Ignoring the pictures, copy the data exactly.

DATA SECTION:
::::

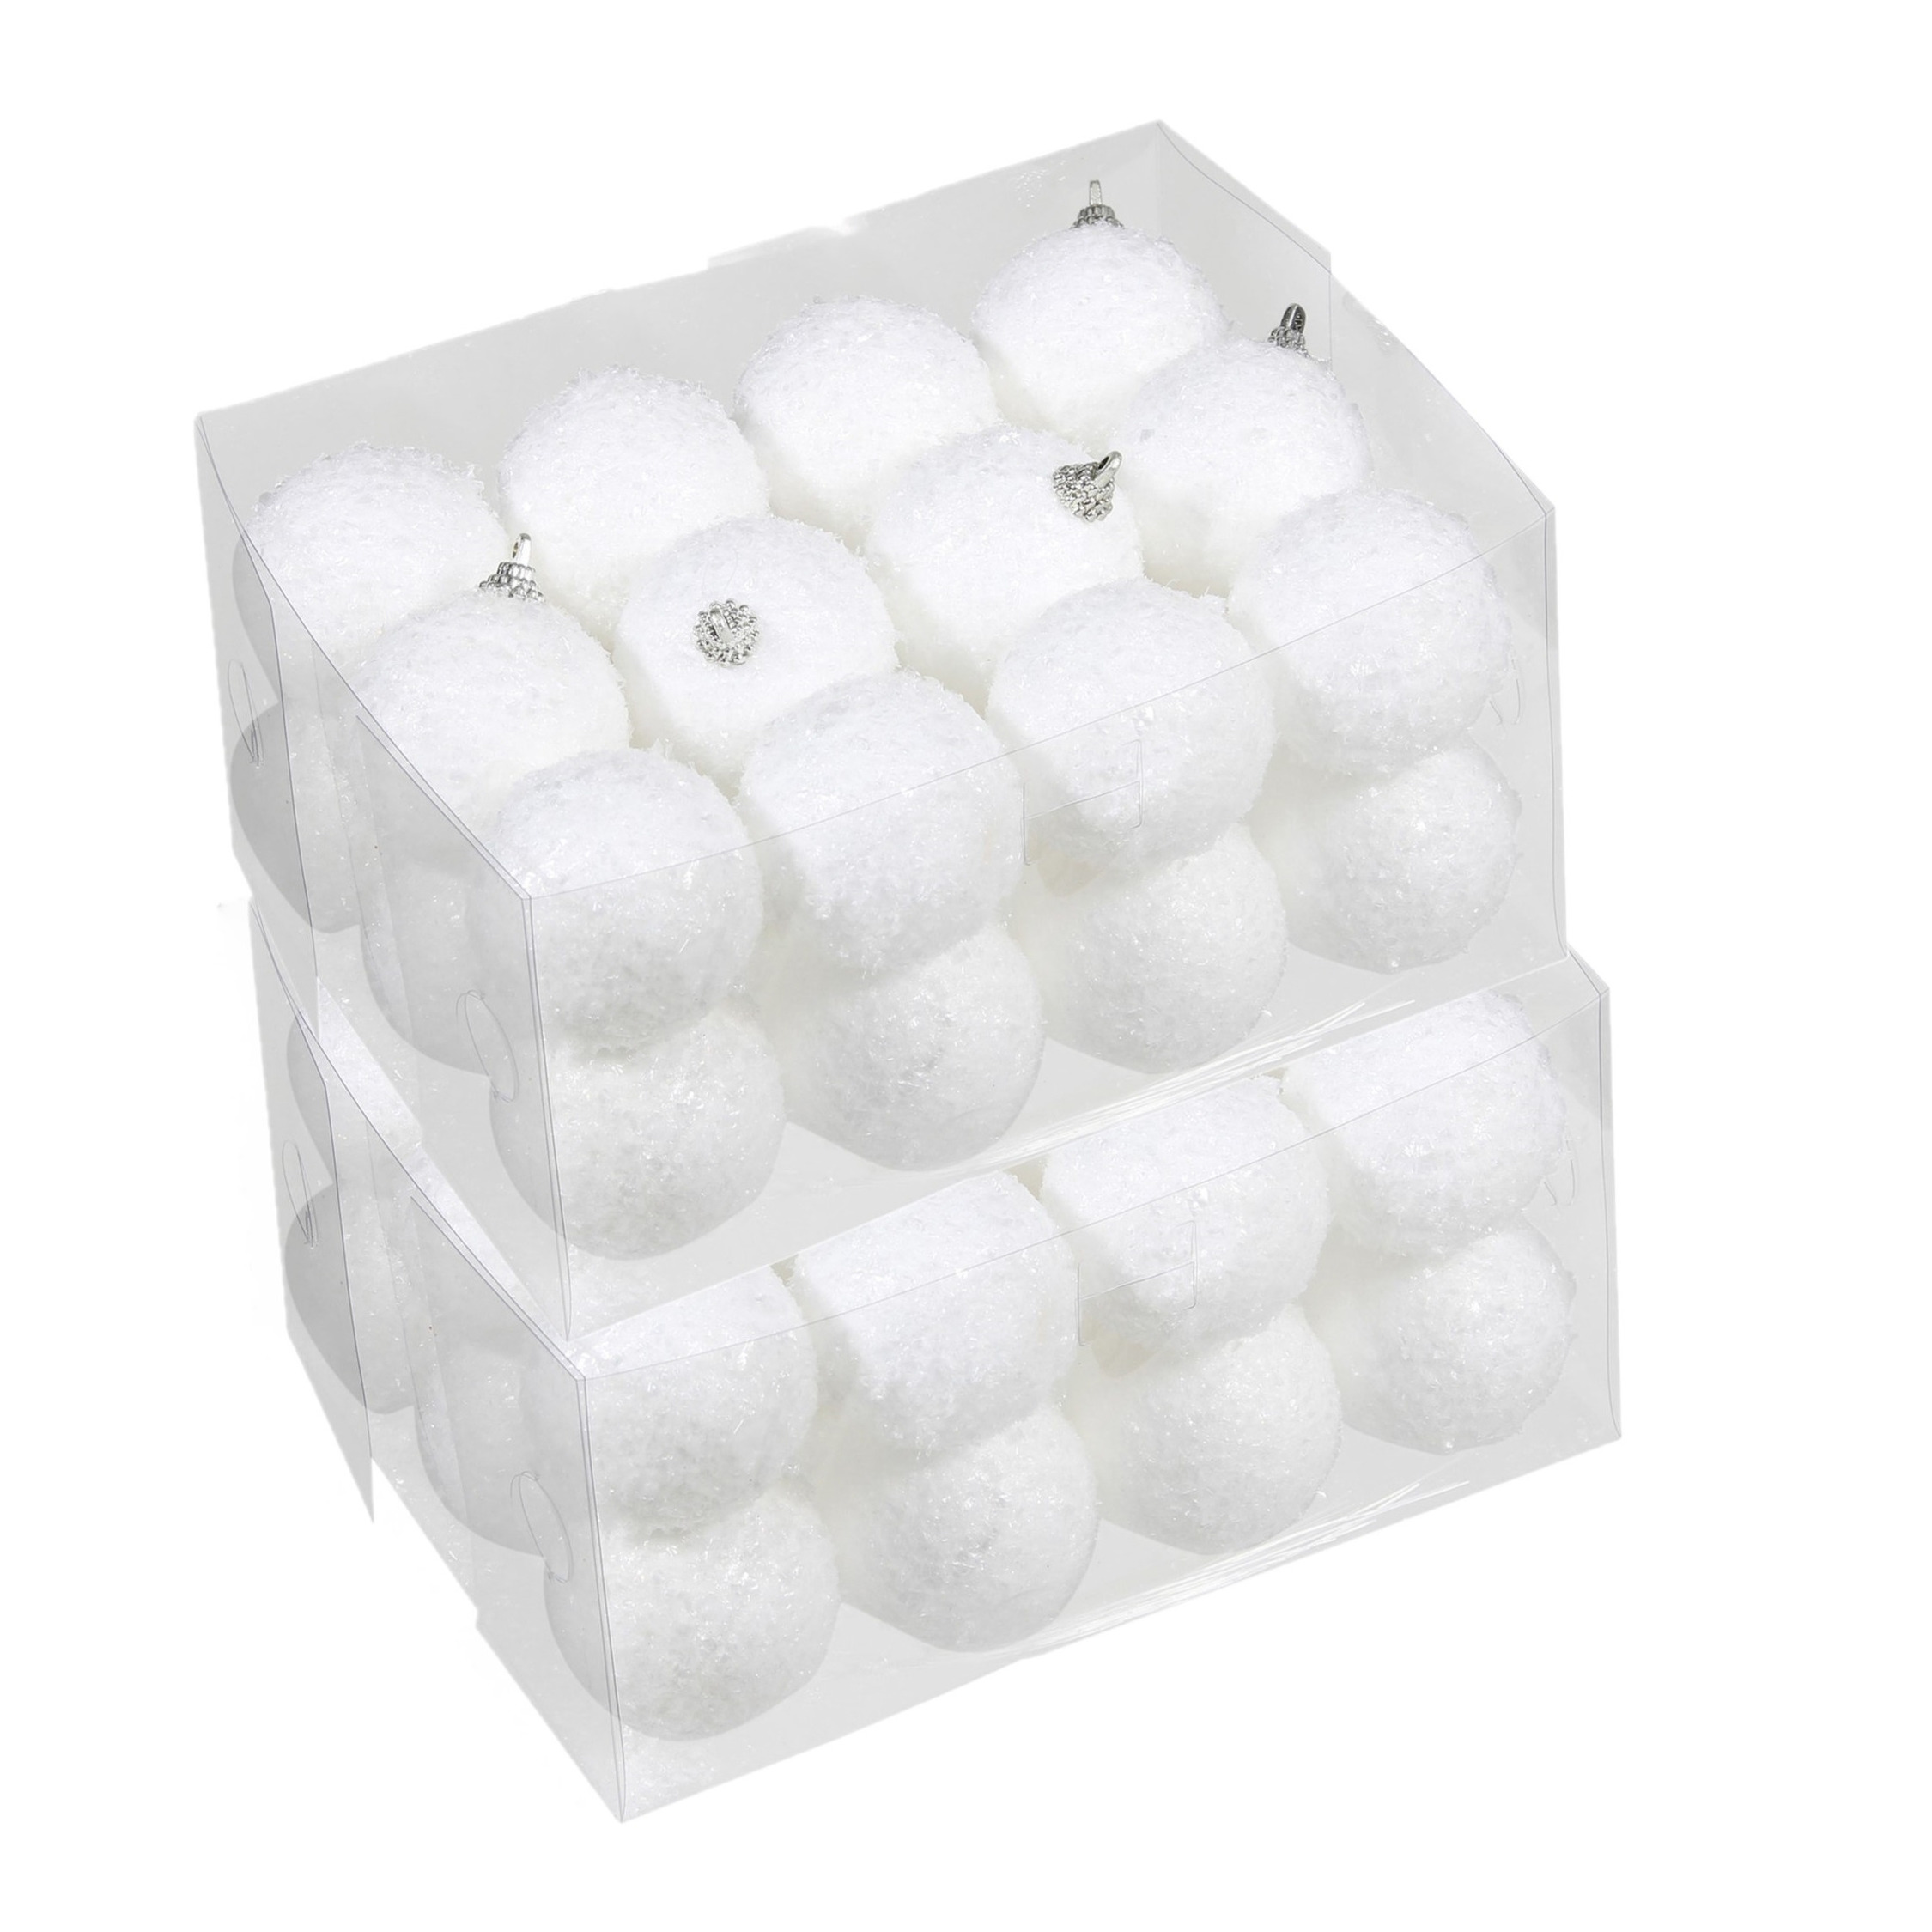 48x Kleine kunststof kerstballen met sneeuw effect wit 5 cm
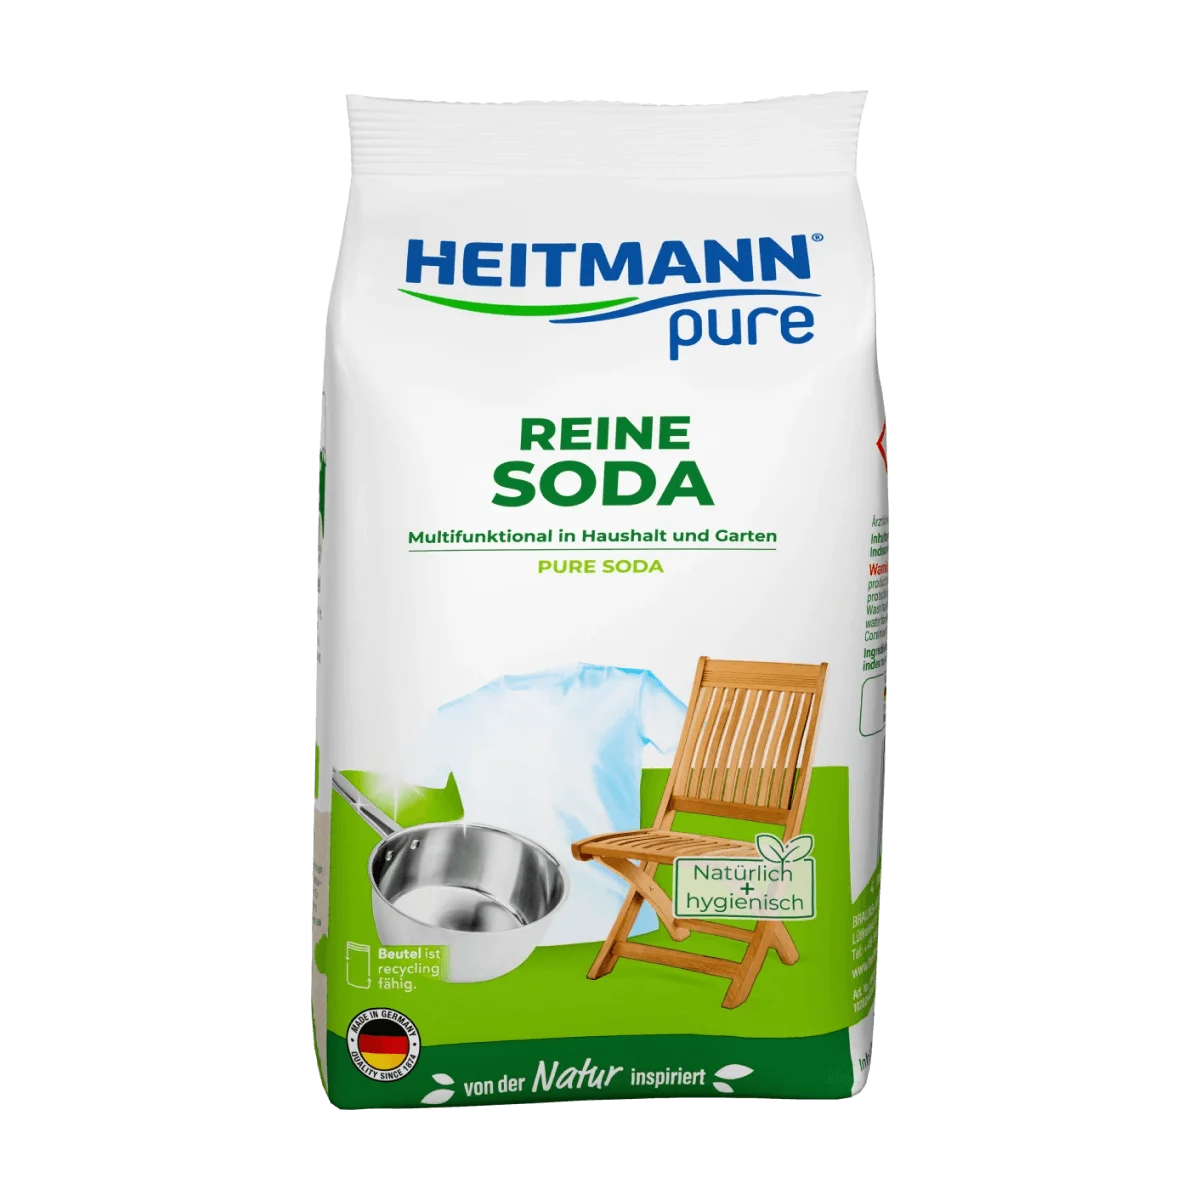 Heitmann Pure Reine Soda Pulver Multifunktional, 500 g
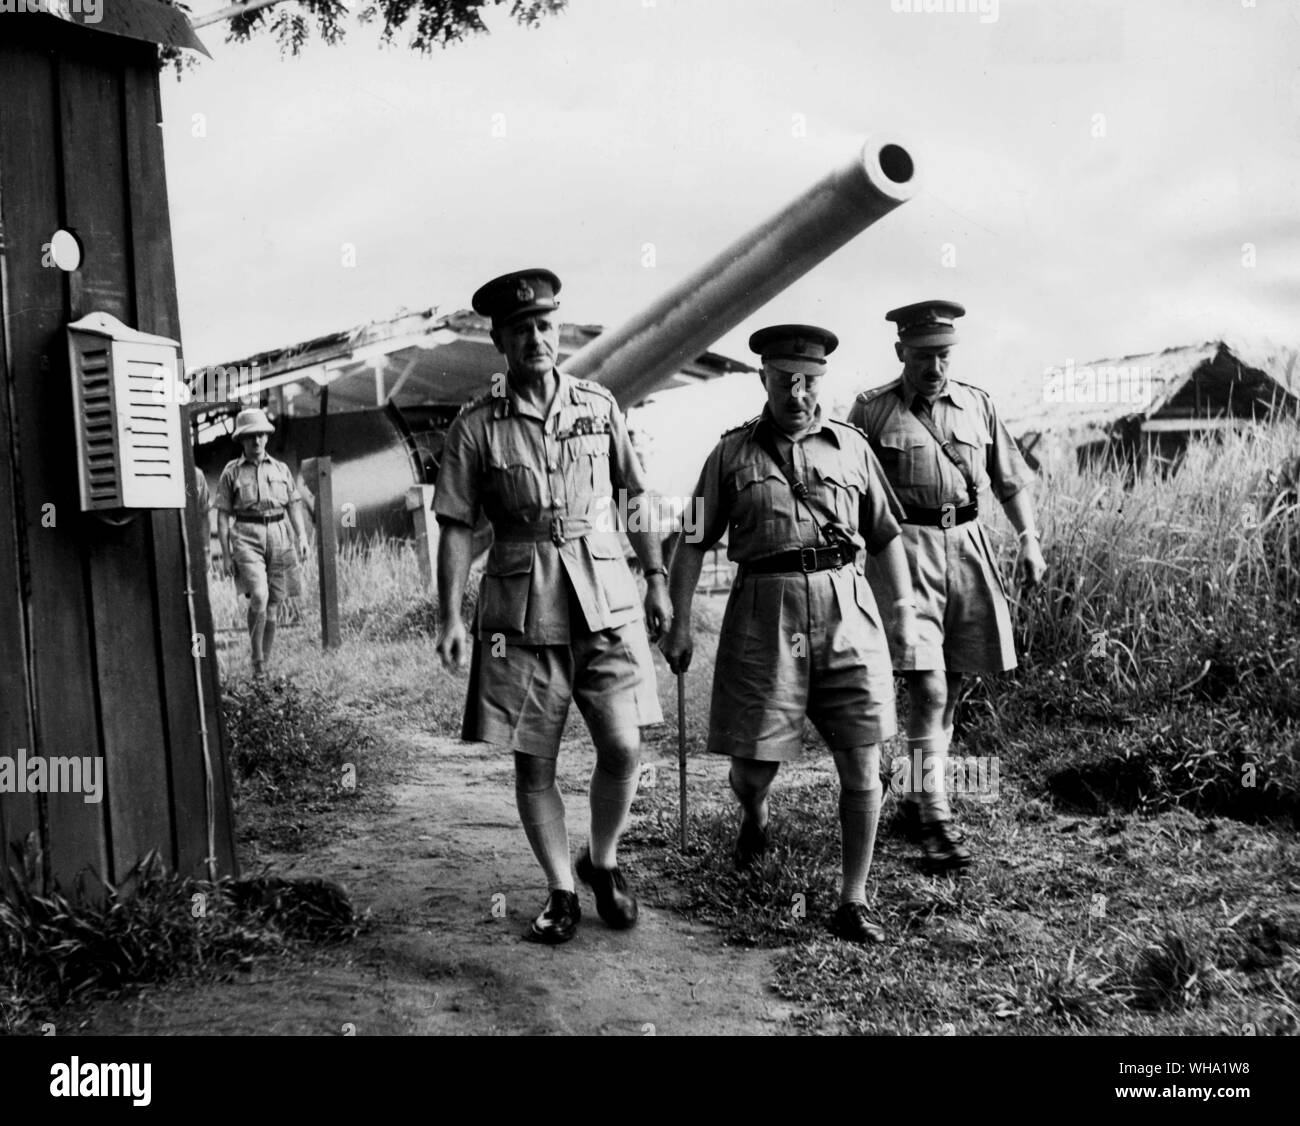 WW2: Der Fall von Singapur. Die Stadt fiel in die Japanische am 15. Februar 1942. Hier General Wavell inspiziert die Singapur Verteidigung. Wavell ist auf der linken Seite, mit Brigadier General Airtis und Kommandeur der Singapur Festung, General K. Simmons. Stockfoto
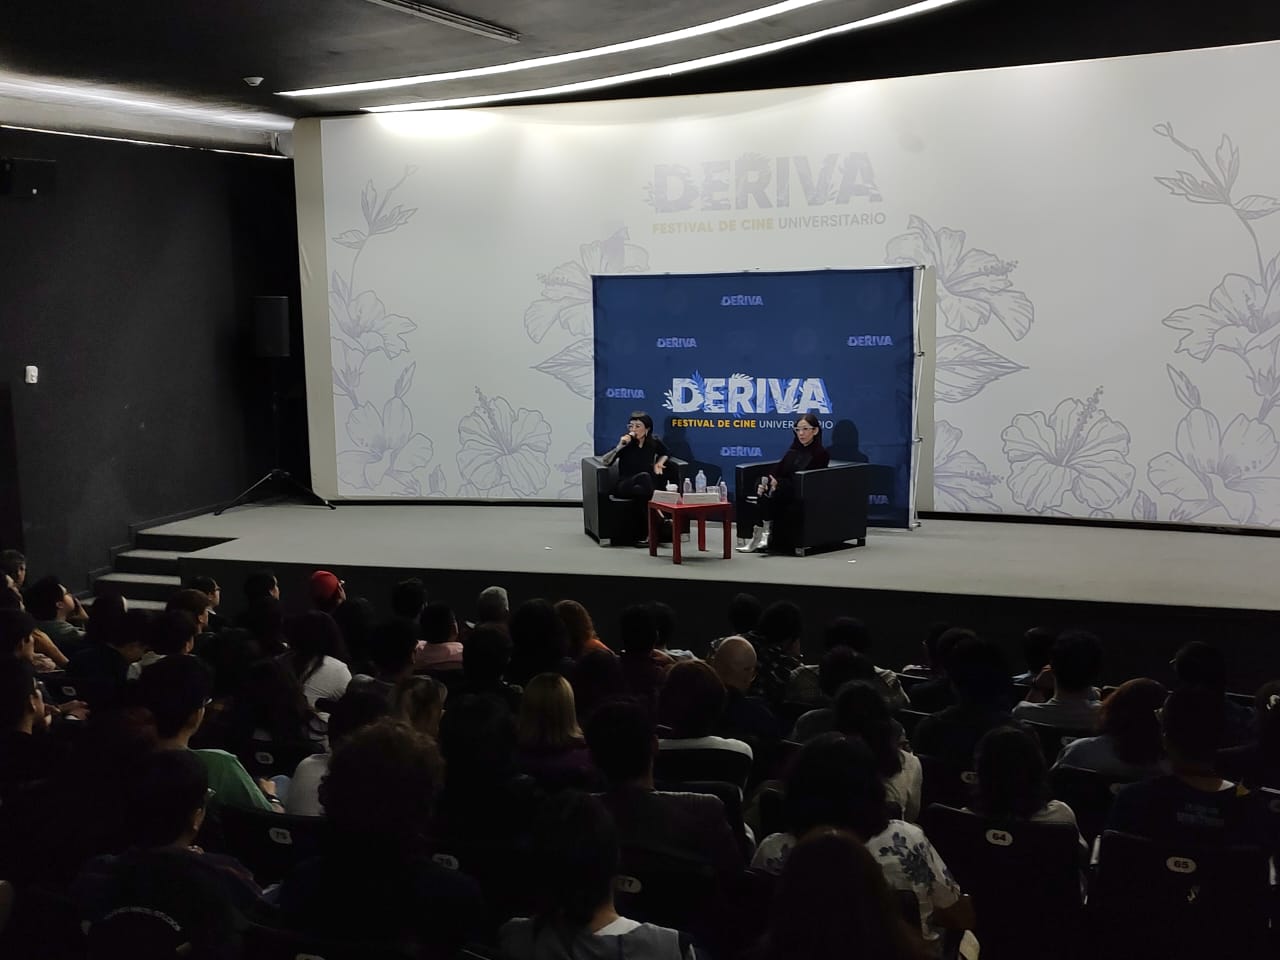 Directoras mexicanas imparten clases magistrales en DERIVA, Festival de Cine Universitario de SAE Institute México

::::

SOLUTION FOR THIS EXERCISE:
 48x Kleine kunststof kerstballen met sneeuw effect wit 5 cm
 Heitmann Pure Reine Soda Pulver Multifunktional, 500 g
 WW2: Der Fall von Singapur. Die Stadt fiel in die Japanische am 15. Februar 1942. Hier General Wavell inspiziert die Singapur Verteidigung. Wavell ist auf der linken Seite, mit Brigadier General Airtis und Kommandeur der Singapur Festung, General K. Simmons. Stockfoto
 Directoras mexicanas imparten clases magistrales en DERIVA, Festival de Cine Universitario de SAE Institute México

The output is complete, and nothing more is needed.